En Suisse, comme chez nous, le constat est le même, l’inclusion à tout prix ne fonctionne plus, si elle a déjà fonctionné un jour.

Dagmar Rösler, qui préside le syndicat des enseignants alémaniques, estime ainsi que la mise en œuvre de l’école inclusive repose trop, et depuis trop longtemps, sur des mesures d’urgence, avec appel à des gens non formés.

L’école inclusive a atteint sa limite, estime donc la présidente du syndicat des enseignants alémaniques (LCH) Dagmar Rösler ce dimanche dans une interview dans la parution dominicale du journal helvétique de Zurich BLICK. “Nous ressentons la limite contre laquelle nous avons toujours mis en garde […]. Cela ne peut pas continuer ainsi”.

Les ressources nécessaires font défaut, déclare Dagmar Rösler dans un entretien diffusé dimanche par la SonntagsBlick. “Avec les besoins et les exigences les plus divers que l’on trouve aujourd’hui dans une classe, il devrait en fait y avoir deux spécialistes dans une salle de classe en permanence.

Selon elle, la situation actuelle découle des manquements du passé. “Par exemple, nous avons trop peu de pédagogues curatifs depuis 20 ans et moins de la moitié des personnes travaillant dans le domaine de la pédagogie curative sont formées en conséquence“, indique-t-elle. “On a manqué l’occasion de faciliter très tôt la formation continue des personnes intéressées. Cela se paie aujourd’hui.

Dans certaines écoles, poursuit Dagmar Rösler, des assistants scolaires non qualifiés sont chargés de l’encadrement des enfants présentant des troubles du comportement en raison du manque de spécialistes.

Toujours favorable au concept (comme nous)

Mais tant que les cours ont lieu, on dit toujours que cela va.

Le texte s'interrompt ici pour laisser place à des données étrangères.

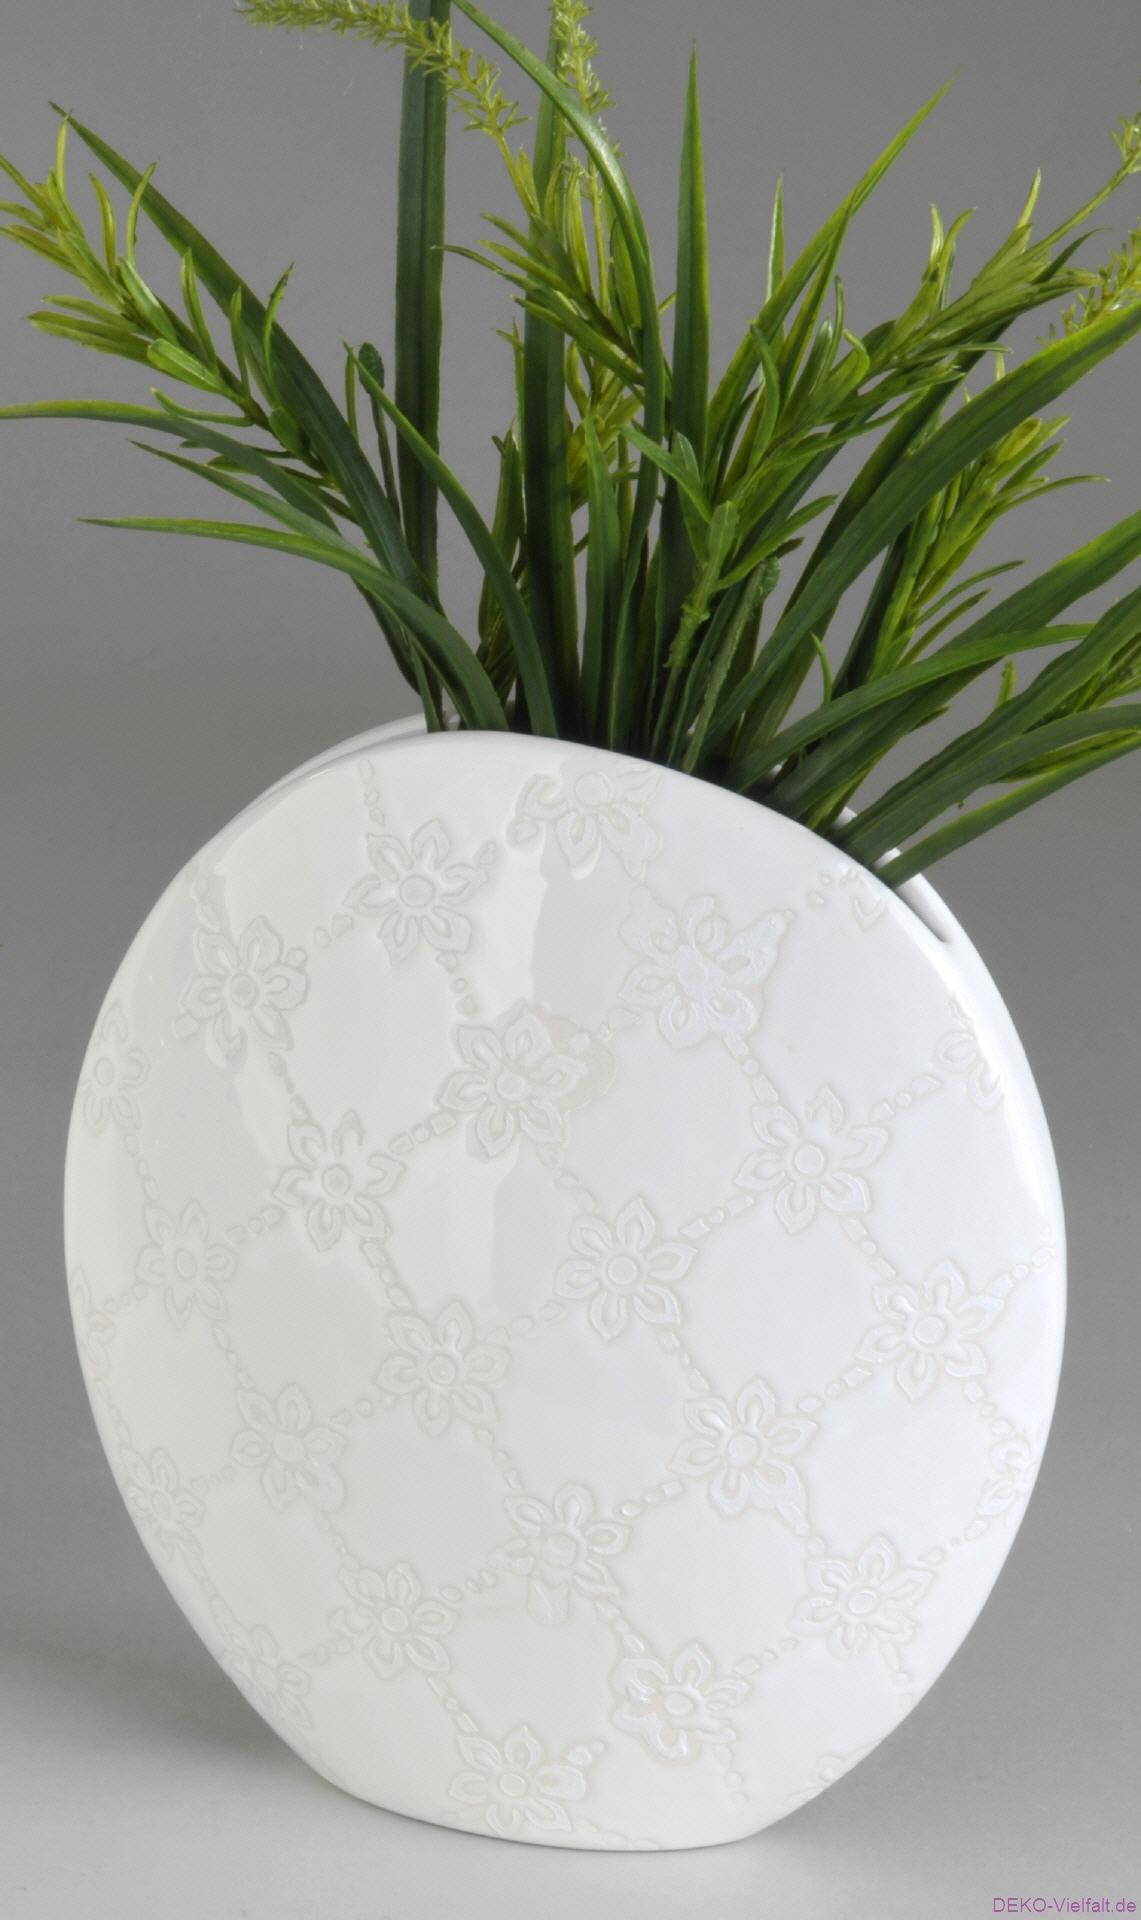 formano vase romantica oval 23 cm deko vielfalt. Black Bedroom Furniture Sets. Home Design Ideas
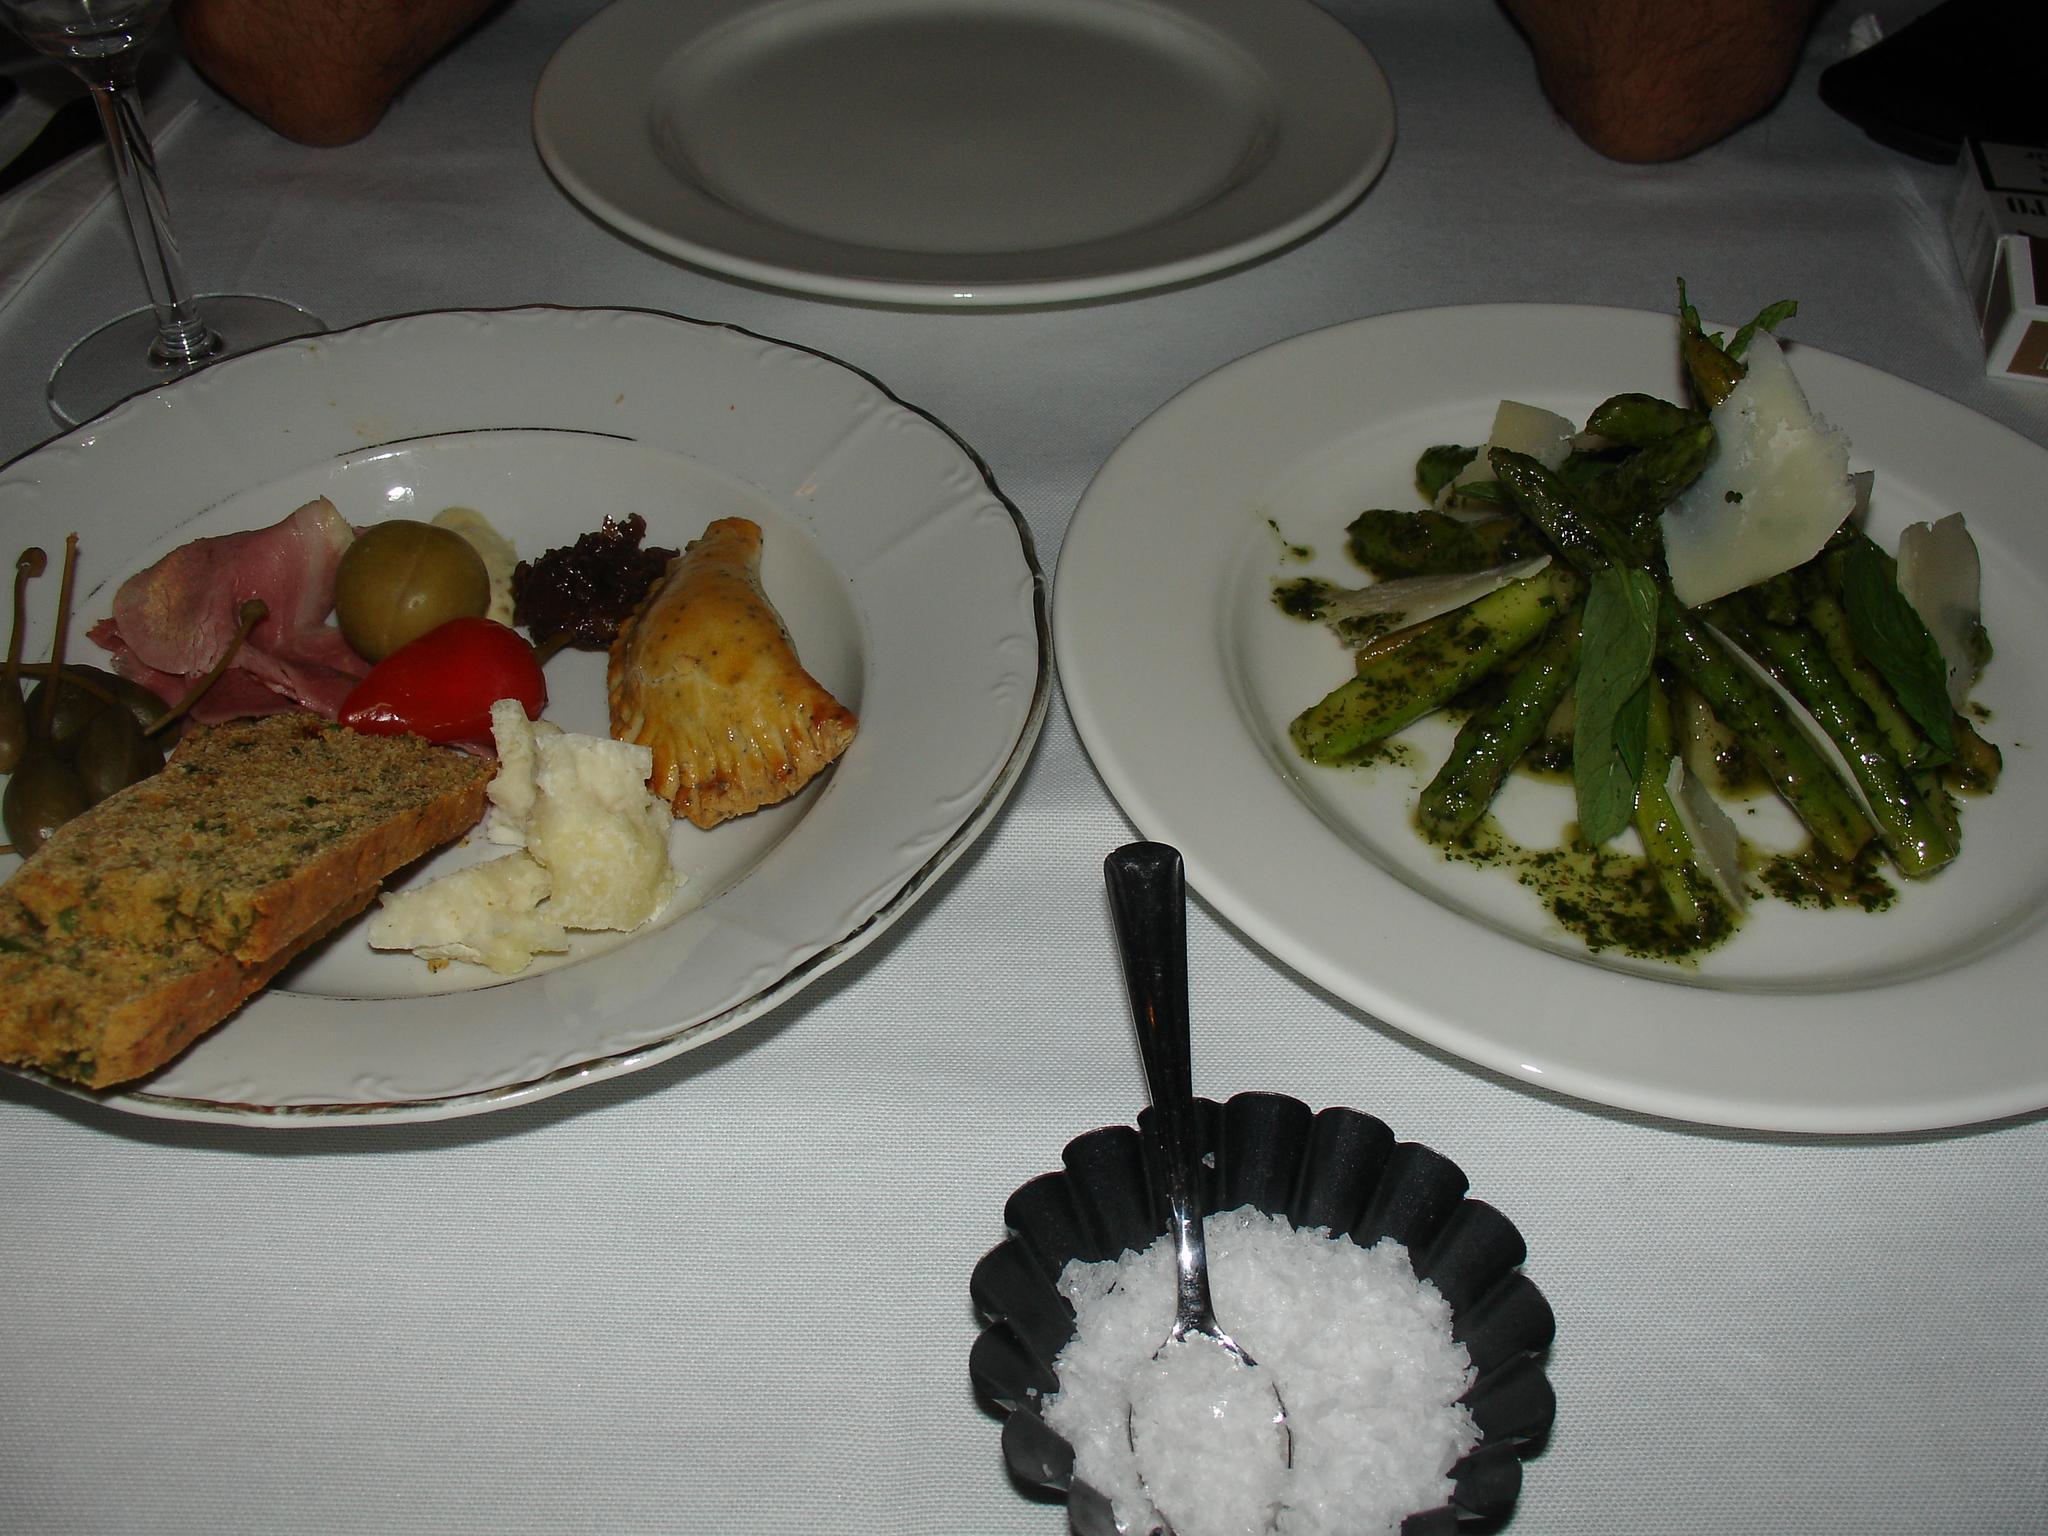 kopyasi-delicatessen-nupera-030109-001.jpg

Cela ne passe pas sans laisser de trace à l’école“, relève la présidente du syndicat. “Je suis sûre que, tôt ou tard, les effets négatifs des solutions d’urgence seront visibles, dans la pédagogie spécialisée, dans les salles de classe et dans la réussite des élèves.

Dagmar Rösler tient cependant à l’école inclusive. Le concept qui existe depuis 20 ans produit de nombreux défis, mais “nous sommes toujours favorables à ce que le plus grand nombre possible d’élèves soient scolarisés dans une classe ordinaire, car il est prouvé qu’ils peuvent tirer un grand profit du contact avec les autres“.

Son interview en intégralité de ce dimanche

Dagmar Rösler, aimez-vous votre travail d’enseignante ?
Je fais ce métier depuis plus de 30 ans maintenant, et j’aime toujours autant ça. Travailler avec des enfants est très enrichissant.

La plupart des enseignants sont d’accord là-dessus: ils aiment travailler avec les enfants. Pourtant, beaucoup quittent la profession.

Une étude de l’OFS contredit en partie cette estimation. Dans l’ensemble, une grande partie reste dans la profession. Nous remarquons toutefois que beaucoup ne veulent ou ne peuvent plus exercer leur métier à plein temps. C’est problématique. Une charge de travail élevée et des problèmes de santé sont de plus en plus souvent à l’origine de cette situation. C’était déjà un sujet de préoccupation il y a dix ans et cela s’est accentué depuis.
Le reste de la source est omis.